ABOUT THIS TASK —
The answer is to be the lines below that lie between the line holding "Deepak Menon is" and the line holding "lifestyle-family-photographer-franklin-tea-time-8.jpg", inclusive, transcribed exactly and free of pictures.

RECORDS TO USE —
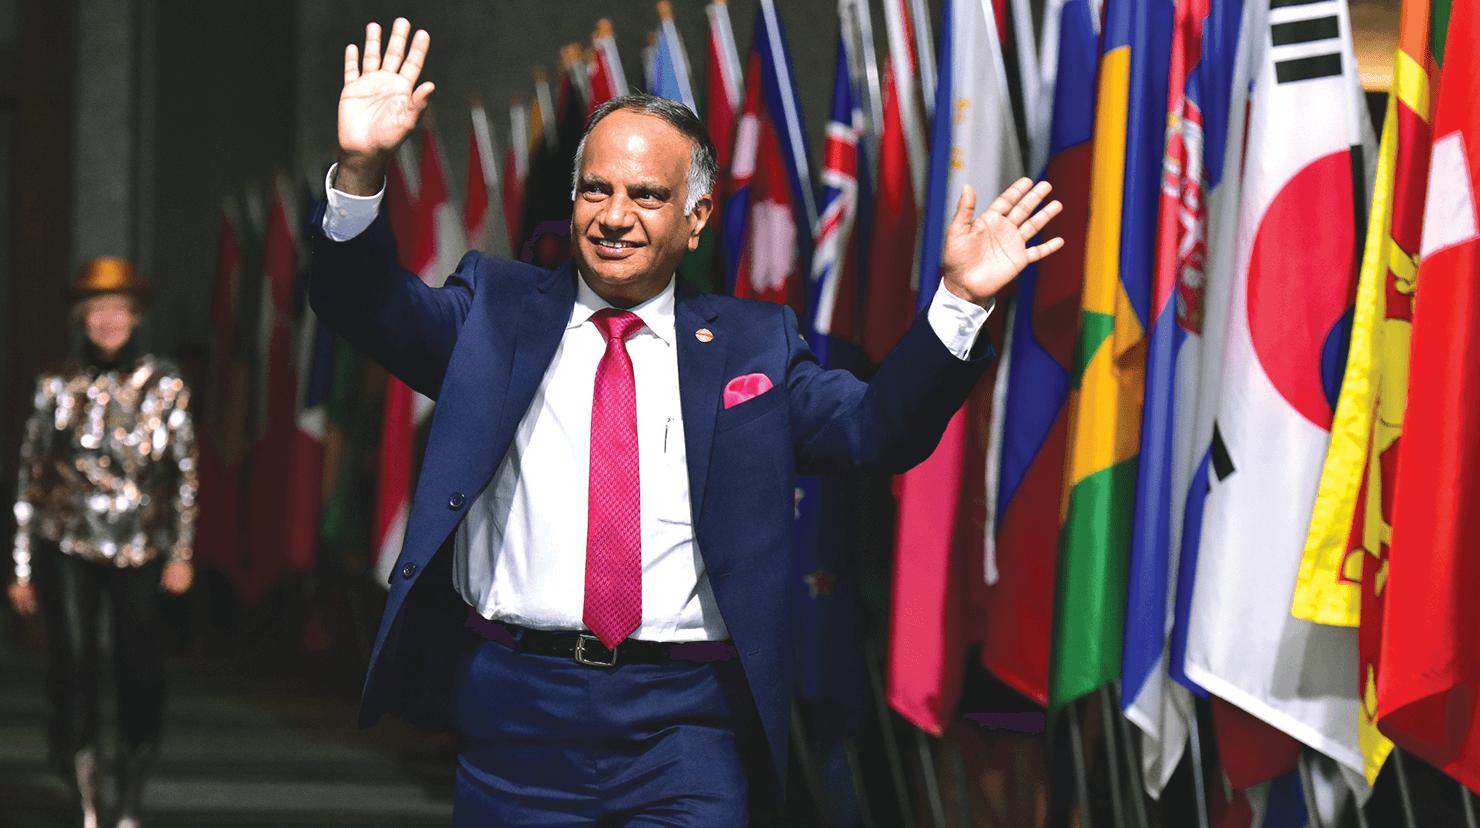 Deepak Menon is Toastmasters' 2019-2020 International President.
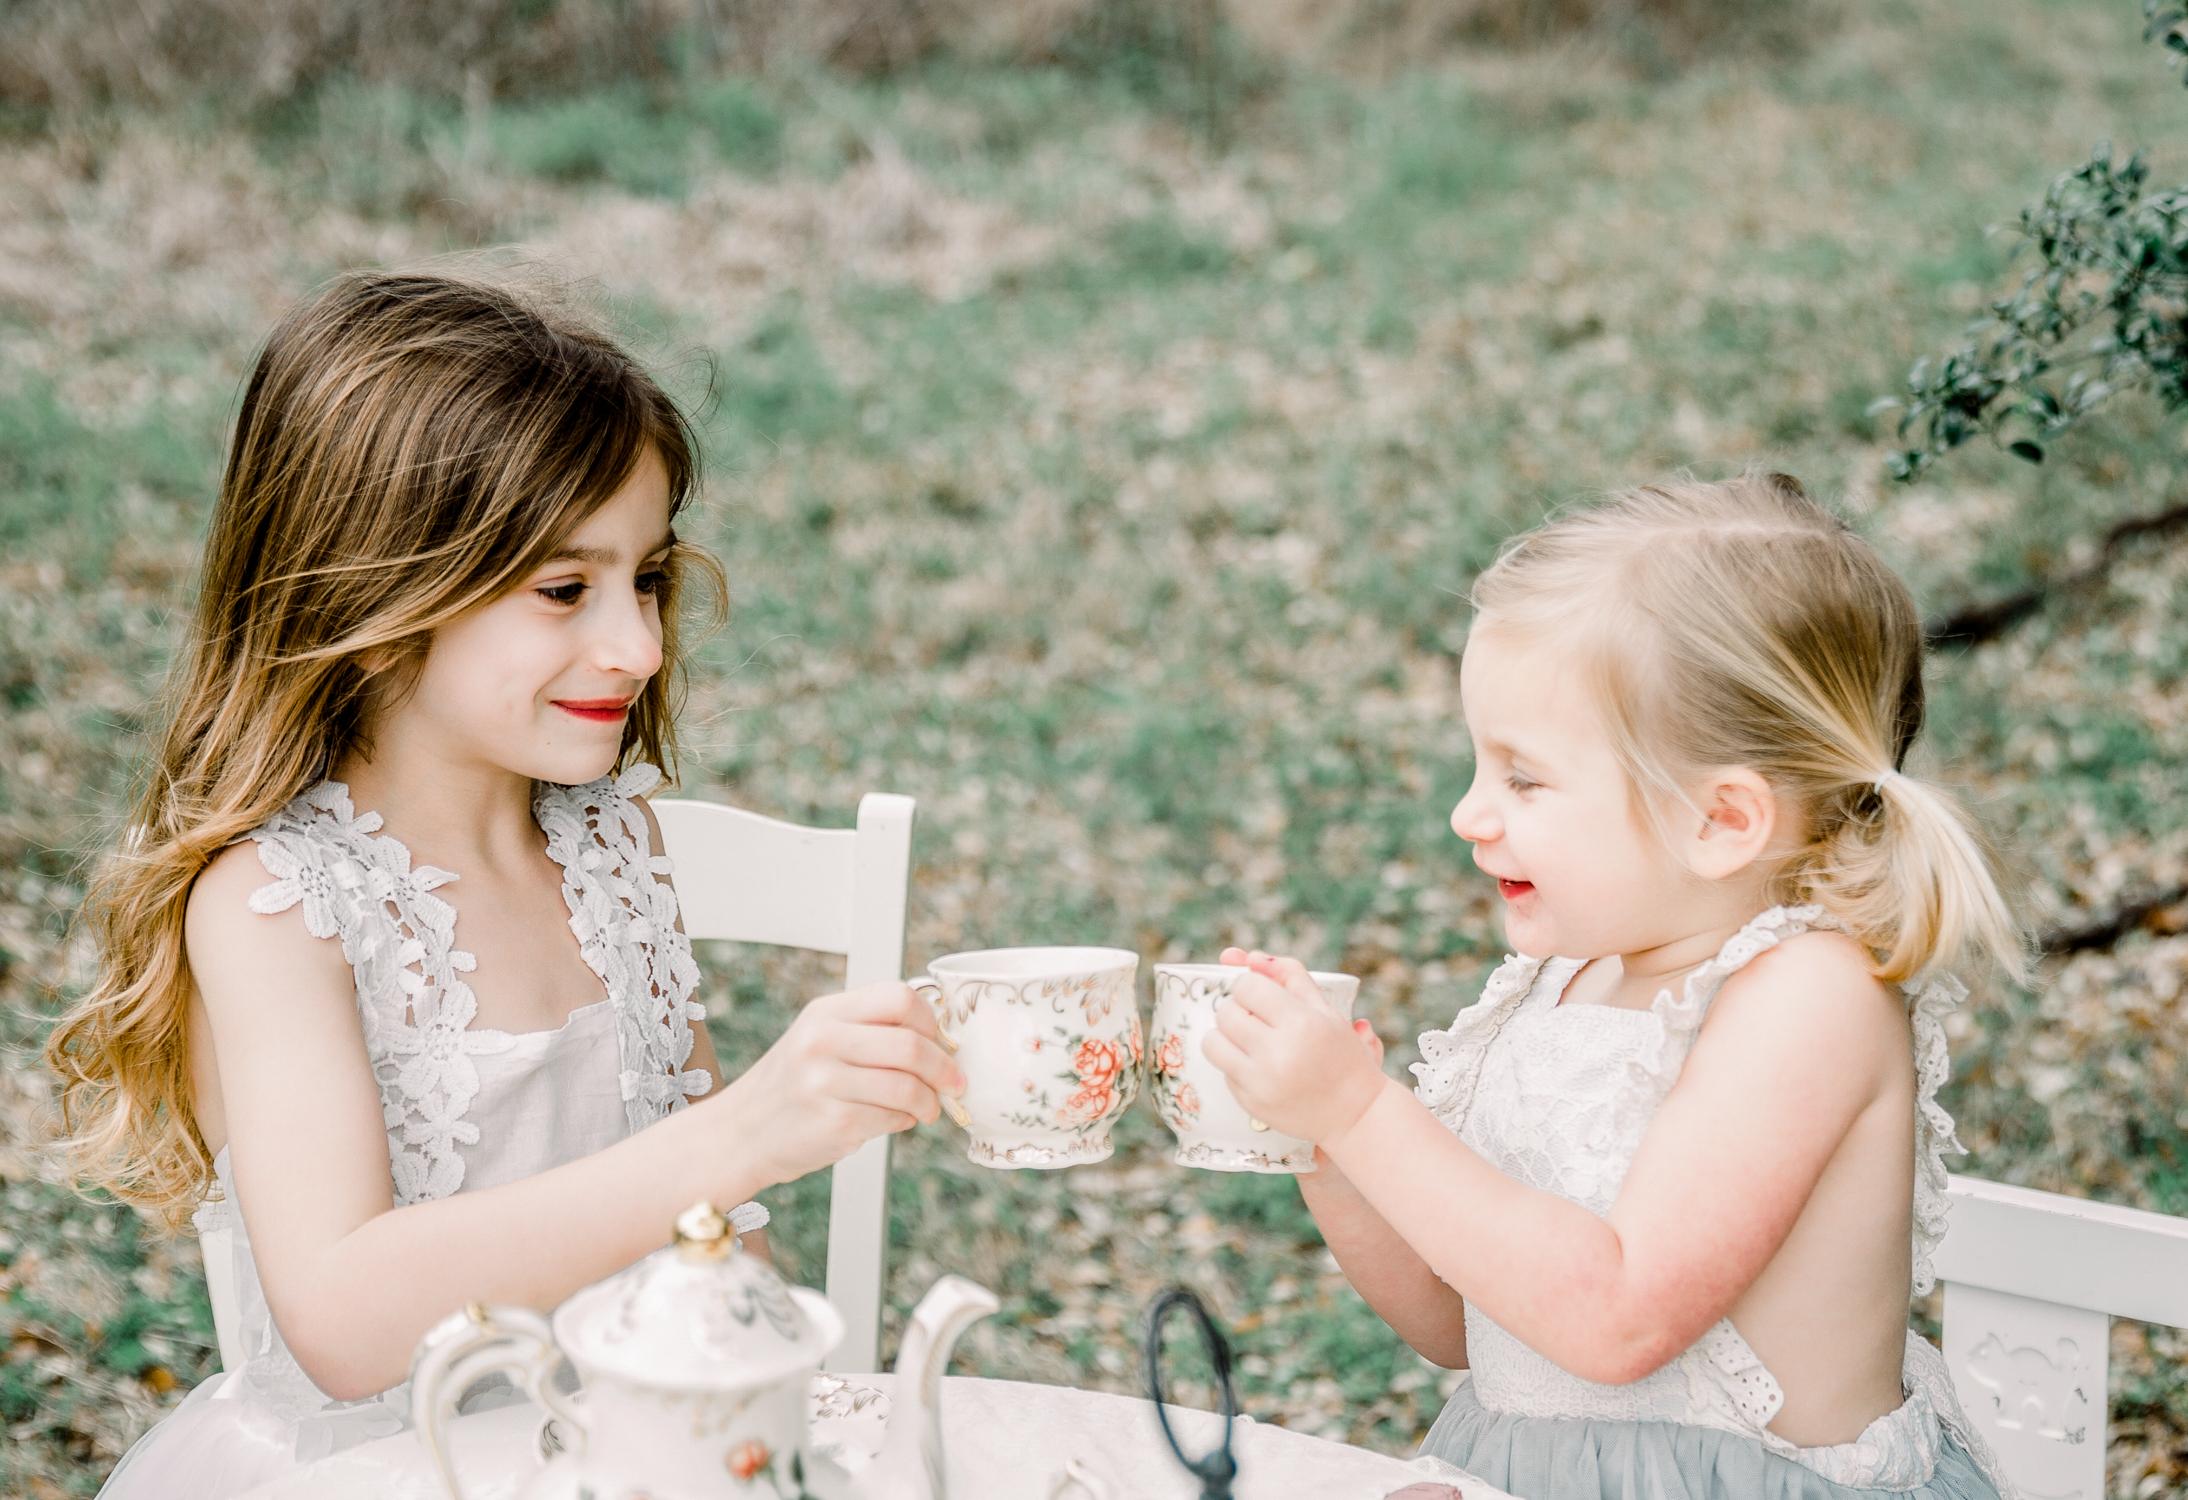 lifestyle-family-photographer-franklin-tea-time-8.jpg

==

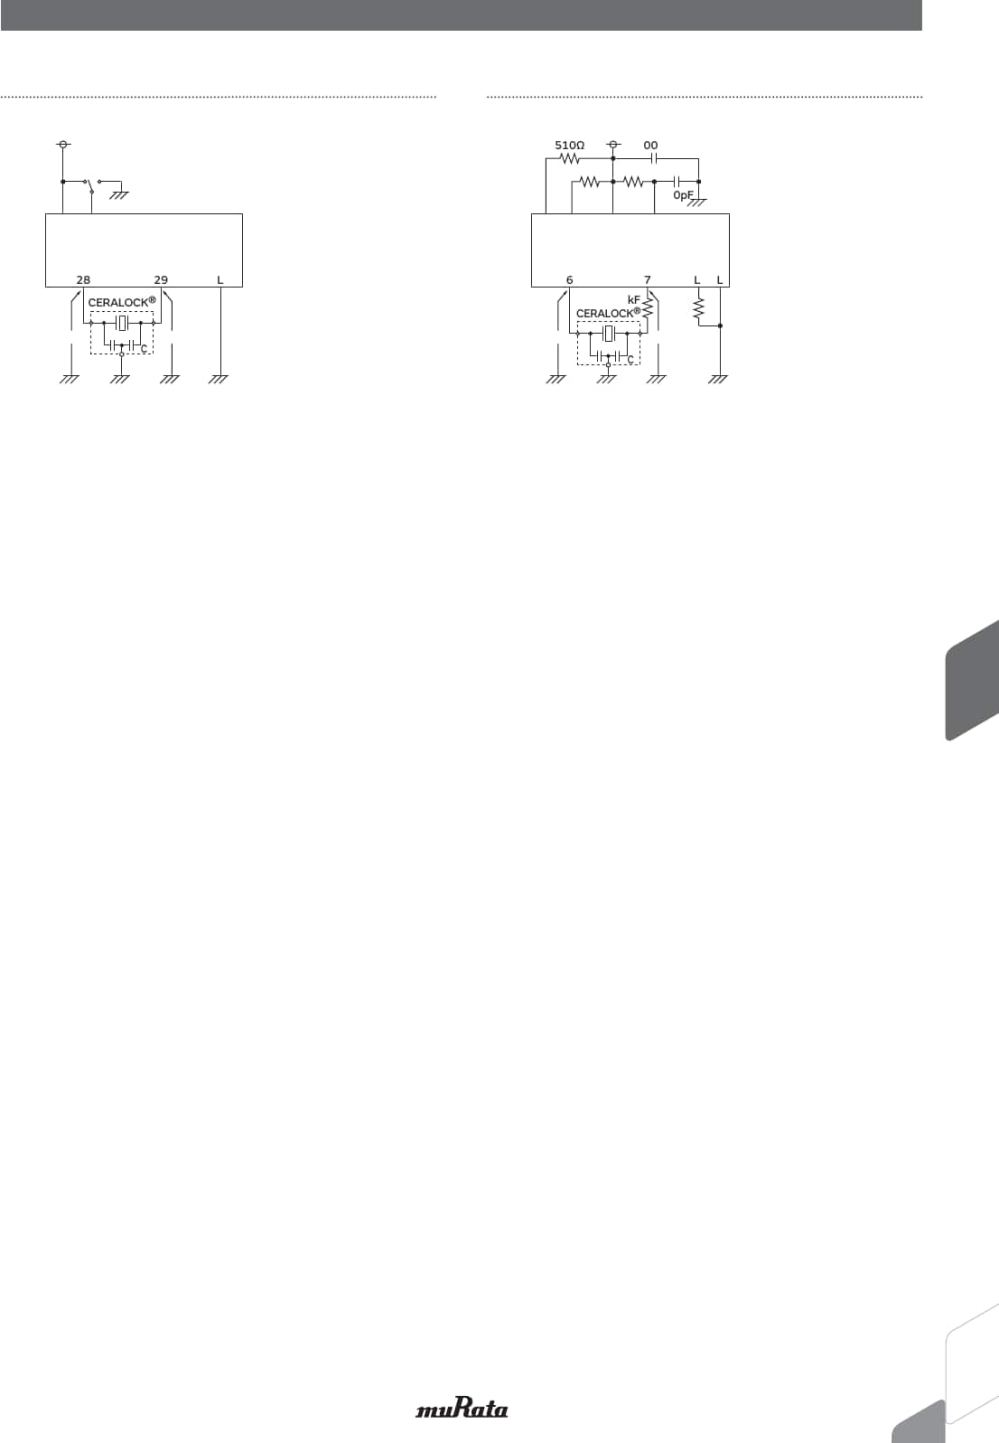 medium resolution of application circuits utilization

FINISHED TASK —
 Deepak Menon is Toastmasters' 2019-2020 International President.
 lifestyle-family-photographer-franklin-tea-time-8.jpg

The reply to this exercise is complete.